Anne of York, Duchess of Exeter, aka Anne Plantagenet (10 August 1439 – 14 January 1476), was the first child of Richard Plantagenet, 3rd Duke of York, and Cecily Neville. She was thus the eldest sister of kings Edward IV (1461–1483) and Richard III (1483–1485); and of Edmund, Earl of Rutland, Elizabeth of York, Duchess of Suffolk, Margaret, Duchess of Burgundy and of George Plantagenet, 1st Duke of Clarence.

Marriages and issue

Anne married twice and divorced her first husband:

First marriage

In 1447 aged eight years old, Anne was married to Henry Holland, 3rd Duke of Exeter (1430–1475). During the Wars of the Roses Exeter sided with the House of Lancaster against his wife's family the House of York. Exeter was a commander at the great Lancastrian victories at the Battle of Wakefield and Second Battle of St Albans. He was also a commander at the Lancastrian defeat at the Battle of Towton. He fled to the Kingdom of Scotland after the battle, and then joined Margaret of Anjou in her exile in France, queen consort of the Lancastrian King Henry VI. On 4 March 1461 Anne's younger brother Edward, Duke of York, was declared in London as King Edward IV. Exeter was attainted but the new king gave his estates to Anne, with remainder to their daughter Anne Holland. Anne and Exeter separated in 1464 and divorced in 1472. During the Readeption of Henry VI, Anne remained loyal to her brother Edward, and, in what seems to have been her only intervention in politics, worked hard to persuade her brother George, Duke of Clarence, to abandon the Lancastrian cause.
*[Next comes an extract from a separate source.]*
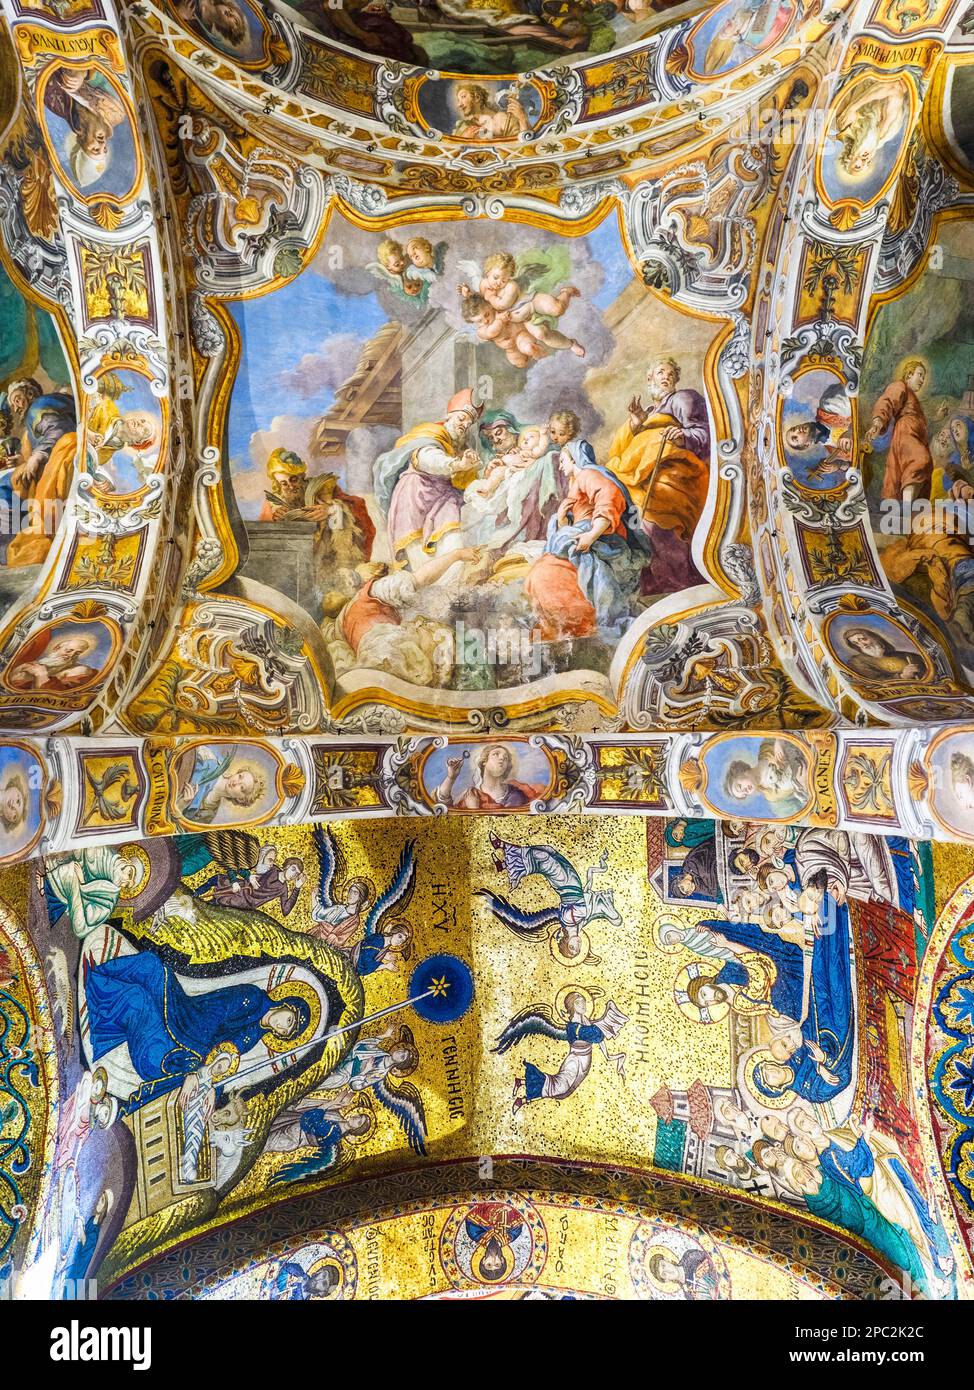 Mosaiken mit der Himmelfahrt der Jungfrau unten rechts und der Geburt Christi unten links; Fresken von Olivio Sozzi (17. Jahrhundert) oben - Kirche Santa Maria dell'Ammiraglio - Palermo, Sizilien, Italien Stockfoto

If not decisive, her arguments certainly had some effect and thus she played some part in Edward's restoration.

By the Duke of Exeter Anne had one daughter, Anne Holland (1461[1] – between 26 August 1467 and 6 June 1474), who was married in October 1466{{sfn|Cawley|2011|loc=Earls of Kent}} at Greenwich Palace to Thomas Grey, 1st Marquess of Dorset, son of Edward IV's queen Elizabeth Woodville by her first husband. Lady Dorset died sometime between 26 August 1467 and 6 June 1474 without children. Grey subsequently married Cecily Bonville, 7th Baroness Harington, another rich young heiress, by whom he had issue.[2]

Second marriage

Anne married secondly in about 1474 to Thomas St. Leger (c. 1440 – 1483), a loyal follower of his brother-in-law King Edward IV (1461–1483). He took part in the Duke of Buckingham's attempted rebellion against King Edward's younger brother and eventual successor King Richard III (1483–1485), on the failure of which he was executed in 1483. King Edward IV had however in 1467 extended the remainder of most of the former Duke of Exeter's lands to his sister Anne and to any heirs of her body. Thus, if she remarried any future children could inherit them.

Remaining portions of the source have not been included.